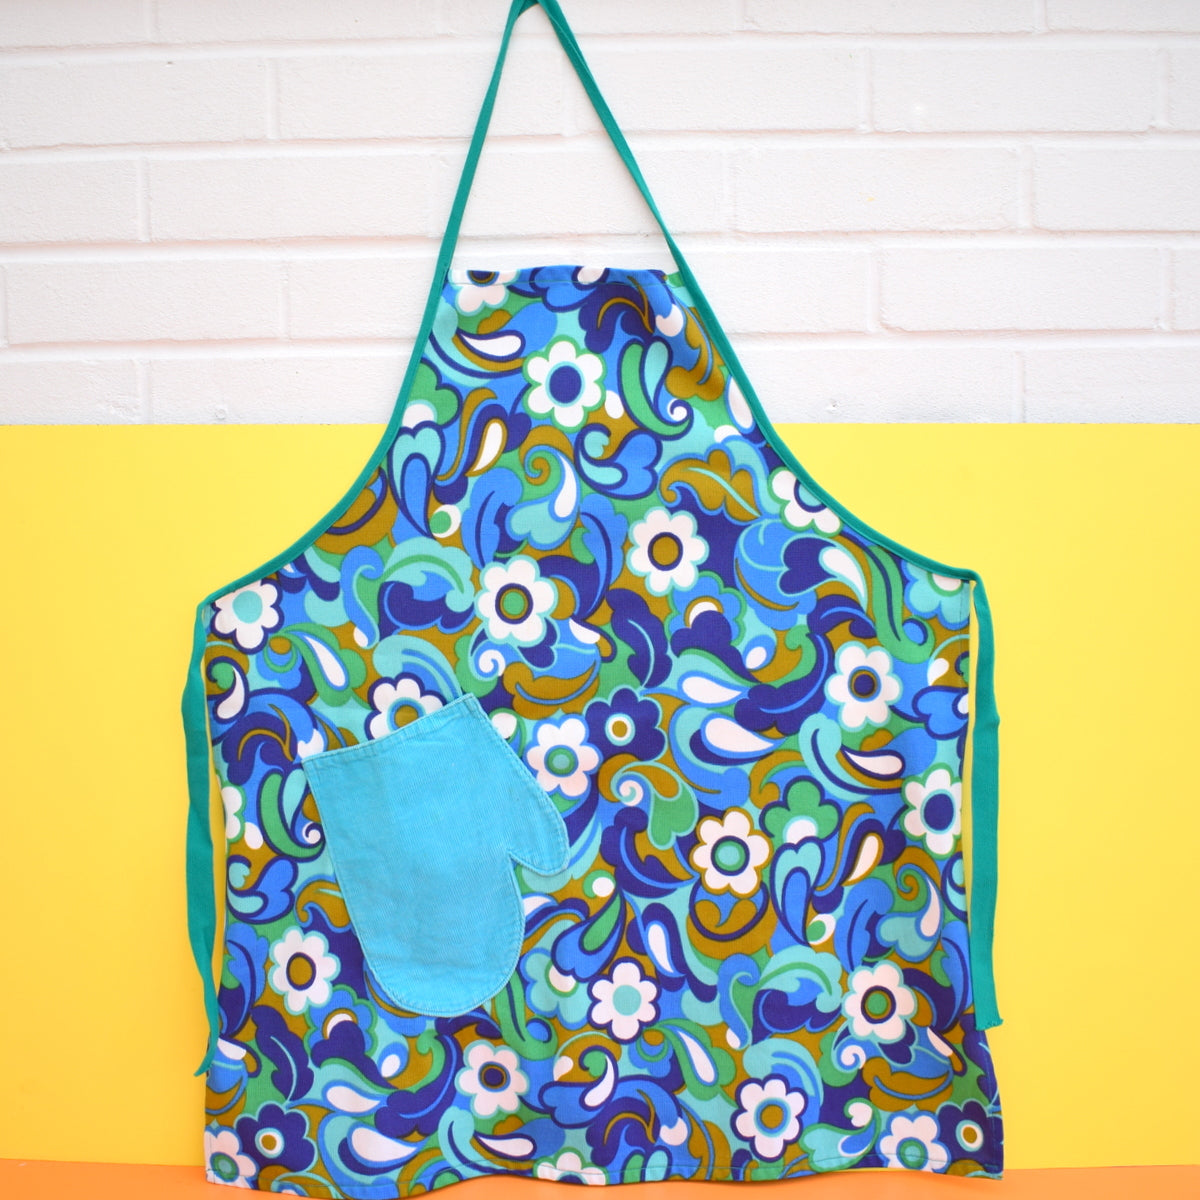 Vintage 1960s Psychedelic / Flower Power Full Apron - Blue & Green
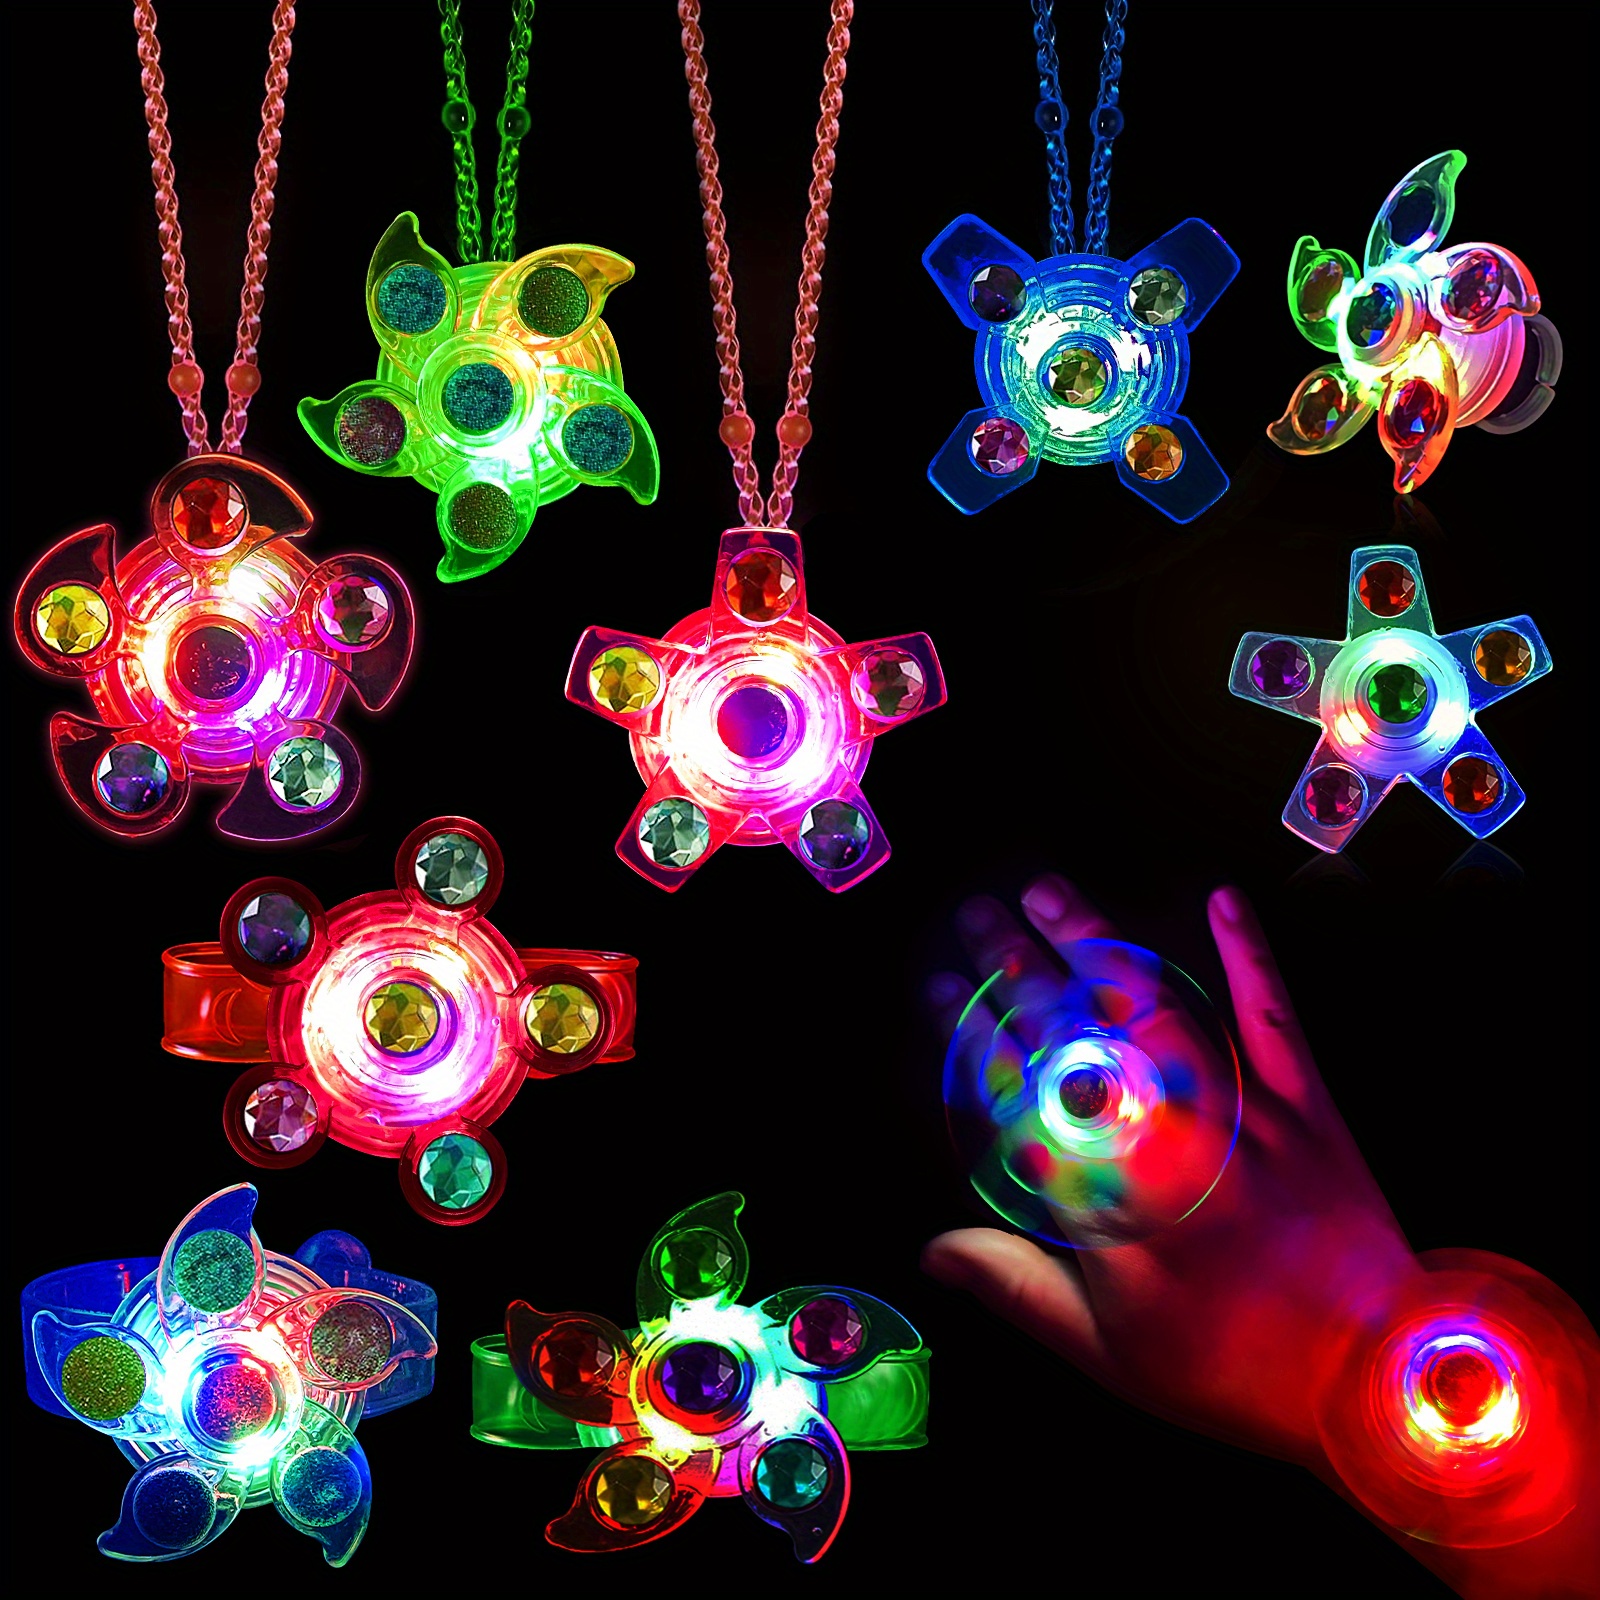 Gigilli Fidget Spinners 12 Pack, Party Favors LED Light Up Bulk Fidget  Spinners, Valentines Day Gift Kids Fidget Toy Goodie Bag Stuffers, Glow in  The
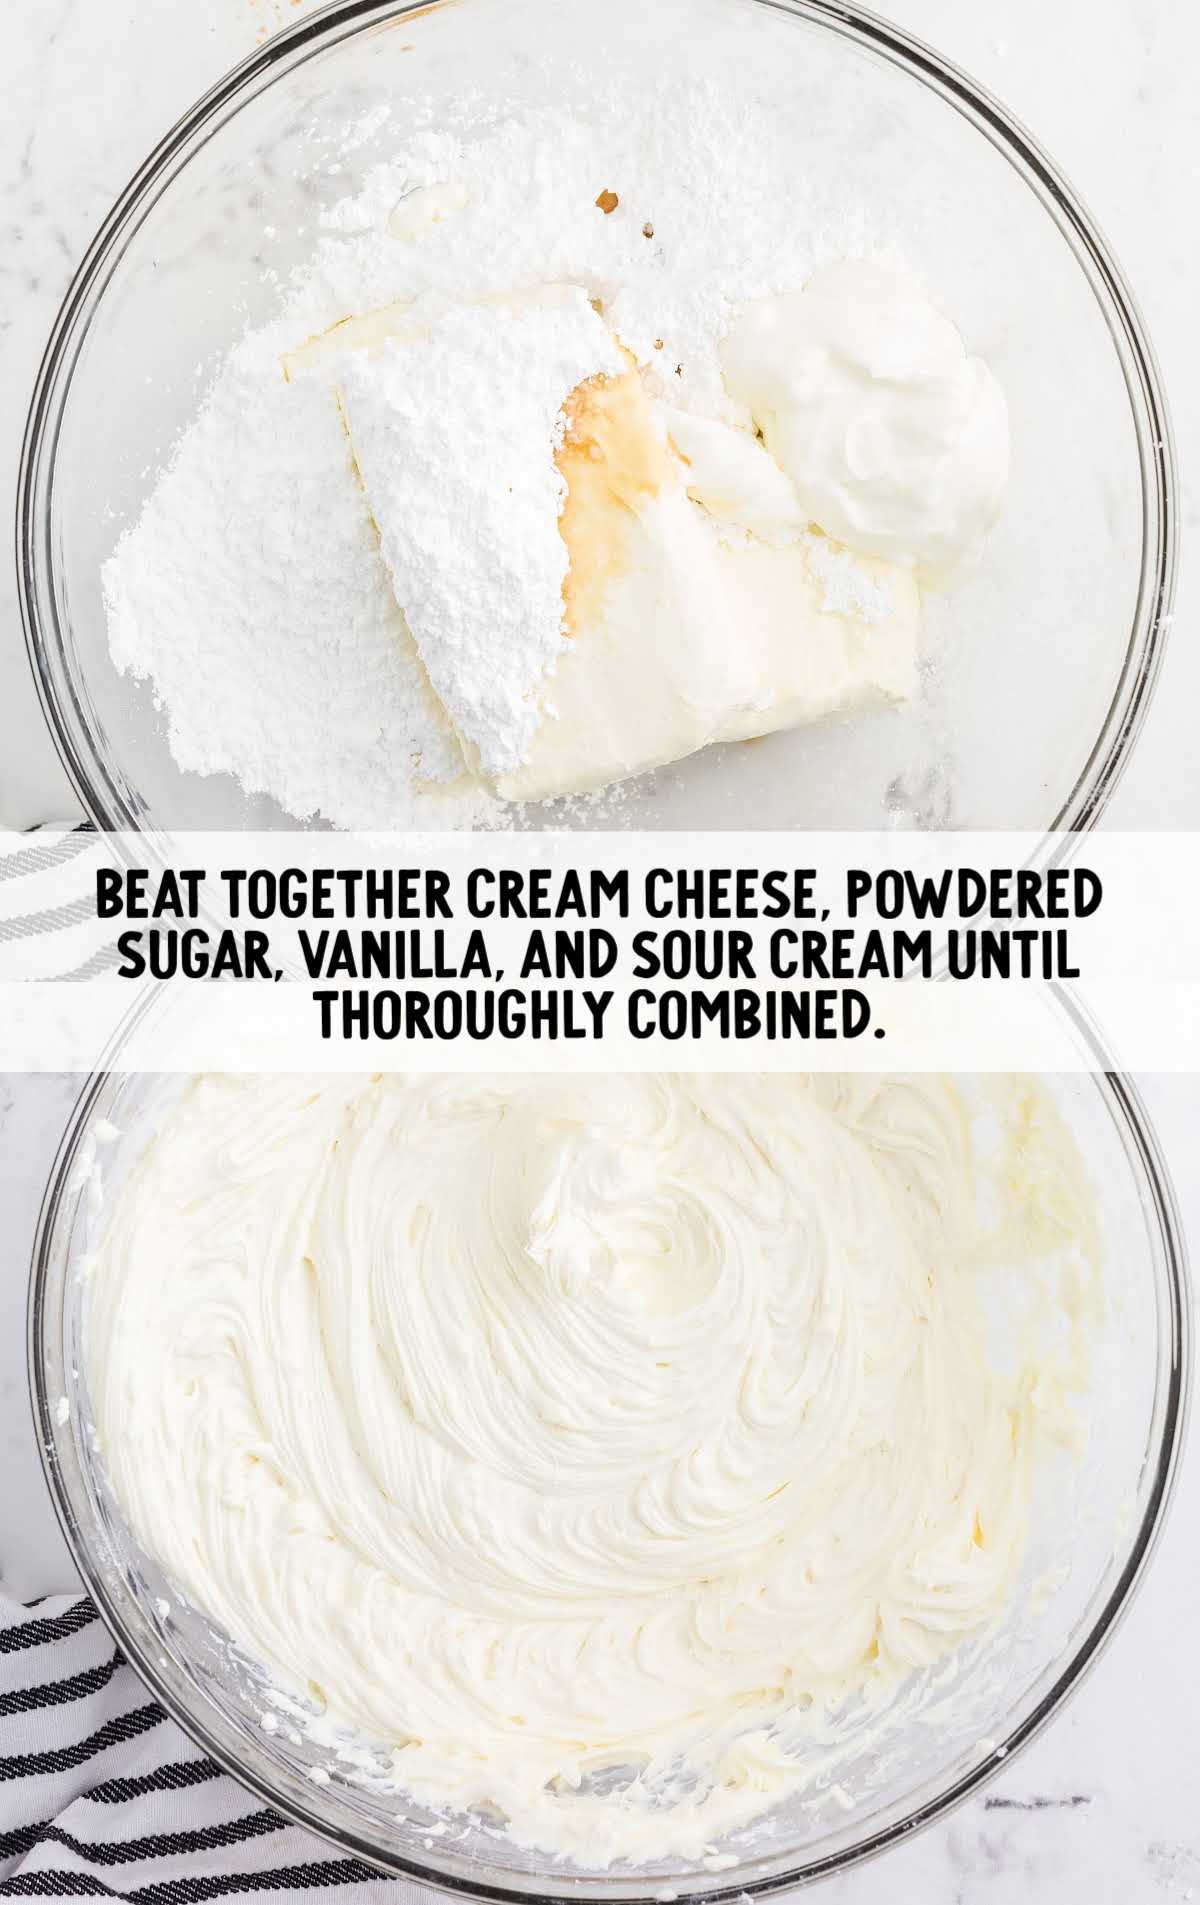 cream cheese, powdered sugar, vanilla extract, and sour cream beat together in a bowl
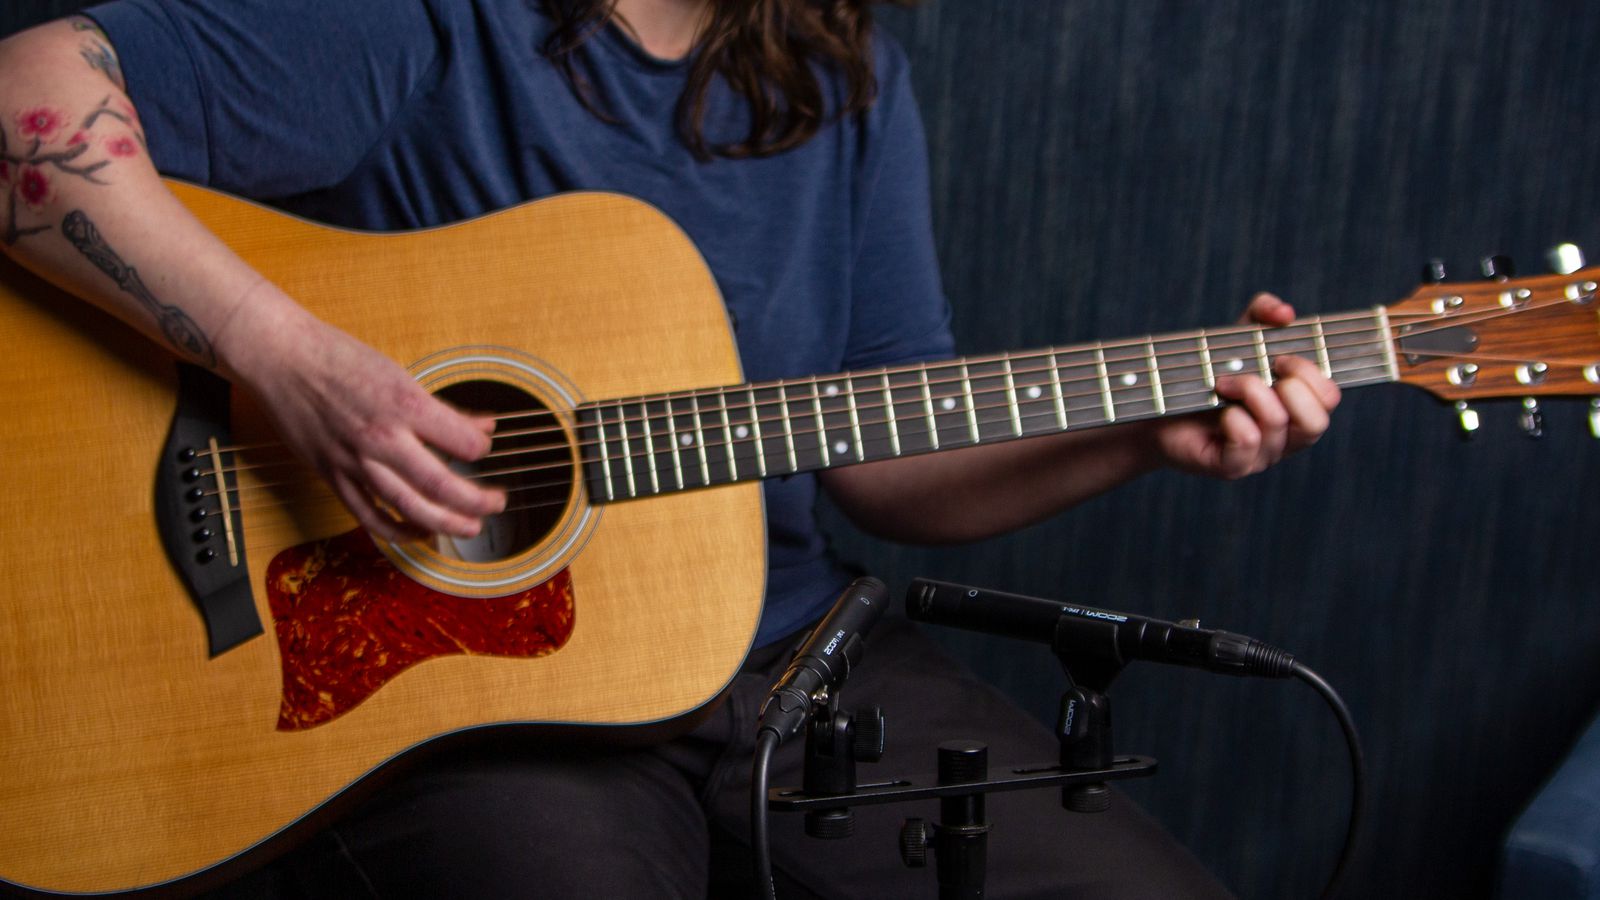 Musician playing an acoustic guitar with ZPC-1 mics used for recording

============================================================

[Task to complete]: The response consists of the data above printed line for line, with no pictures.

[Completed exercise]:
 Vintage 1960s Psychedelic / Flower Power Full Apron - Blue & Green
 Gigilli Fidget Spinners 12 Pack, Party Favors LED Light Up Bulk Fidget  Spinners, Valentines Day Gift Kids Fidget Toy Goodie Bag Stuffers, Glow in  The
 cream cheese, powdered sugar, vanilla extract, and sour cream beat together in a bowl
 Musician playing an acoustic guitar with ZPC-1 mics used for recording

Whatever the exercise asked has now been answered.